I specifically go out of my way to train the hell out of my glutes/hips, etc. so I know a lot about this.

Absolute king of glute exercises would be the hip thrust. You want to do this with your shoulders/upperback on a box or bench of some type, I personally use those aerobics steps with the blocks and platform for this because you can easily adjust the height for what is comfortable for you. By using a bench or box you increase the range of motion, a glute bridge has a very small range of motion and is not ideal for glute development. The standard method is to just use a barbell with weight, I personally like to bust out my rep range target and at the very last rep I'll hold it at the top for a count of 10. Another fantastic variation you can use is with bands, you can get an enormous amount of tension on the glutes at the top end of the movement, which is where the glutes are most active in the movement. The problem with this variation is the setup, at my gym the squat racks have band pegs that allow me to easily set this up. I think the very best variation though is when you are able to combine a weighted barbell with band tension, as you are essentially getting the best of both worlds.

Here is the thing, if you want to highly develop a certain area you don't just do one exercise, no one who is serious about their training would do this.

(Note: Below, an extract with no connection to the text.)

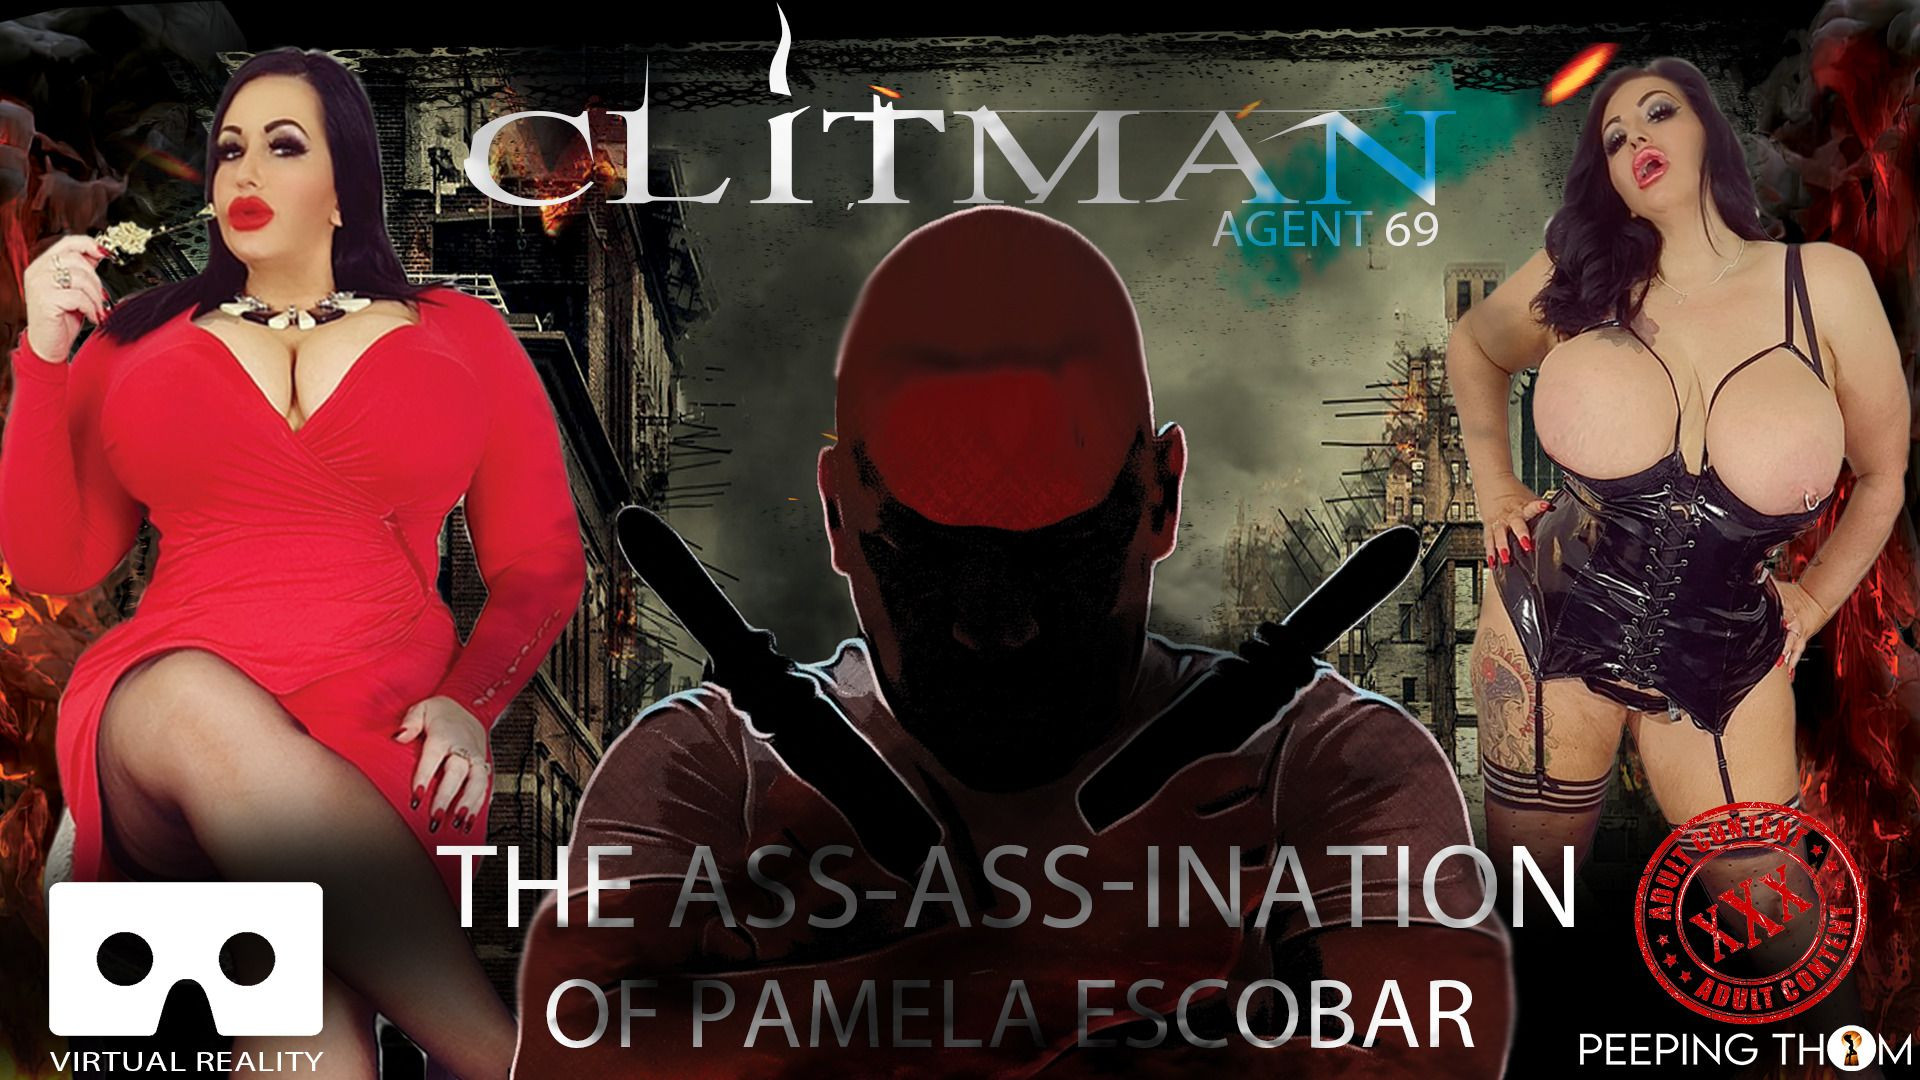 Clitman Agent 69 - Mia MILF is Pamela Escobar: Mia MILF Slideshow

An exercise I also really like is the forward sled drag, where you are holding on straps with the sled being behind you. I find this exercise really hits the glutes and hamstrings hard, whereas with a sled push it's much more quad dominant. This is a fantastic exercise for overall strength but with a very athletic/explosive element thrown in. It has an incredibly low risk of injury and also will get you in really good condition if you push it with a good amount of volume. The gym I go to has a 25 yard turf area and I'll do 4 sets of this exercise at the start of my lower body routine, some days I'll go heavier and other days I'll go lighter but have it much faster and more explosive. If someone is into sports, running, etc. this is a really good exercise to incorporate into your routine.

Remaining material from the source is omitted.